Nothing in the opinion of the Court in this case should be construed as a holding that the covenant of the City of Vero Beach to fix and maintain rates and collect charges for the facilities and services afforded by the utility adequate to provide revenues sufficient at all times to pay the cost of operation, maintenance and repairs of the system and to maintain the pledged fund set up as security for the payment of the revenue certificates, with interest thereon, as provided in the city's ordinance involved in the revenue certificate proceedings, is not a valid and binding covenant. On the contrary the holding of the court is that such covenant is a binding and valid covenant, and one that may be enforced by the holder or holders of certificates in appropriate judicial proceedings, when it is shown, as it has been in this case, that the municipality has been receiving revenues from an existing utility which if maintained by an adequate rate structure for the future life of the revenue certificates, will be sufficient to provide funds for the operation, maintenance and repair of the utility as extended, and will in addition provide the necessary additional funds that may have been anticipated and pledged for the payment of the revenue obligations payable out of future earnings to be derived from the utility against which same are issued.

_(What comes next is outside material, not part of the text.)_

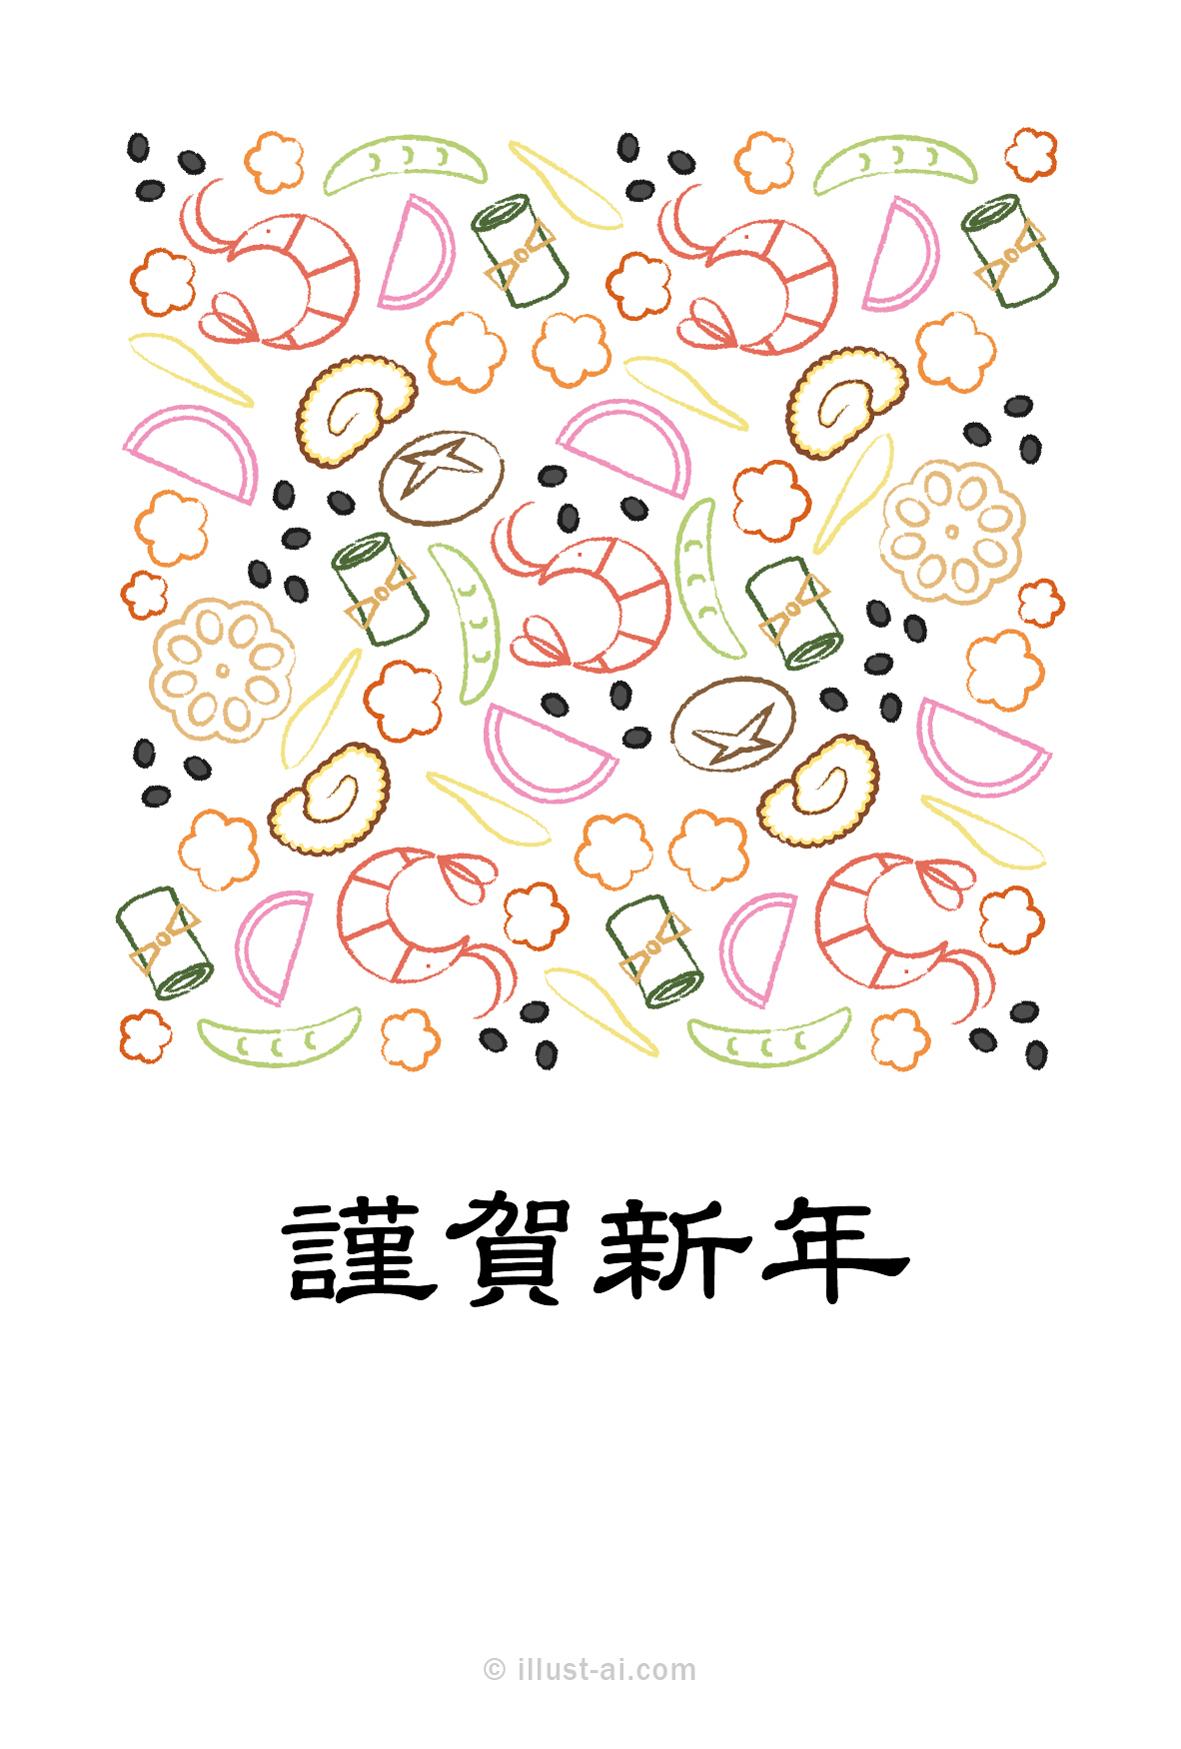 年賀状 子年手描き風おせちのシンプルな年賀状イラスト 年賀状

But a municipality, in attempting to issue special fund *Page 136 utility revenue certificates on the basis of an anticipation of future utility earnings, absent the approving vote of a majority of the freeholder electors as required by amended Section 6 of Article IX of the Constitution, can not make a valid and binding covenant, nor enter into any other effectual or enforceable contractual obligation, for the borrowing of moneys by an anticipation of revenues to be realized in the future, in excess of revenues that have been received, and which may reasonably be expected to be received, from the revenue producing capacity of the utility as repaired, improved, enlarged or extended, through a maintenance of its existing rate structure, or one commensurate therewith, as of the date of the issuance of such revenue certificates.
In other words, a municipality obligor undertaking to issue special fund utility revenue certificates payable solely out of future utility earnings and nothing else, as a special fundpledged specifically for that sole purpose, and without a vote of freeholders under amended Section 6 of Article IX, supra, may not make a valid and enforceable pledge of its rate making powers as a means of raising a fund to repay the special fund revenue certificates out of future earnings of the utility, except upon the basis of its present earnings calculated on the basis of its existing rate structure, or its equivalent in reasonable rates as provided in Section 11 of Chapter 17176, Acts 1935, as applied to the utility for the anticipated earning period during which the funds are to be realized to retire the certificates including the reasonable anticipating of the earning power of the utility as repaired, extended, enlarged or improved. This is not to say that the rate structure may not be changed in accordance with legislative powers lawfully conferred on the municipal obligor. The prohibition is against the pledging *Page 137 of a rate making power to be exercised in the future in excess of the general revenue producing power being exercised at the time revenue certificates are issued, and upon the basis of an anticipation of which for the life of the certificates, the certificates themselves are presumptively to be issued.
The opinion in this and companion cases involving the proposition hereinbefore discussed is to be deemed supplemented and explained by the foregoing and upon that basis the petition for rehearing denied.
Rehearing denied.
WHITFIELD, C.J., and TERRELL, BROWN, BUFORD, and DAVIS, J.J., concur.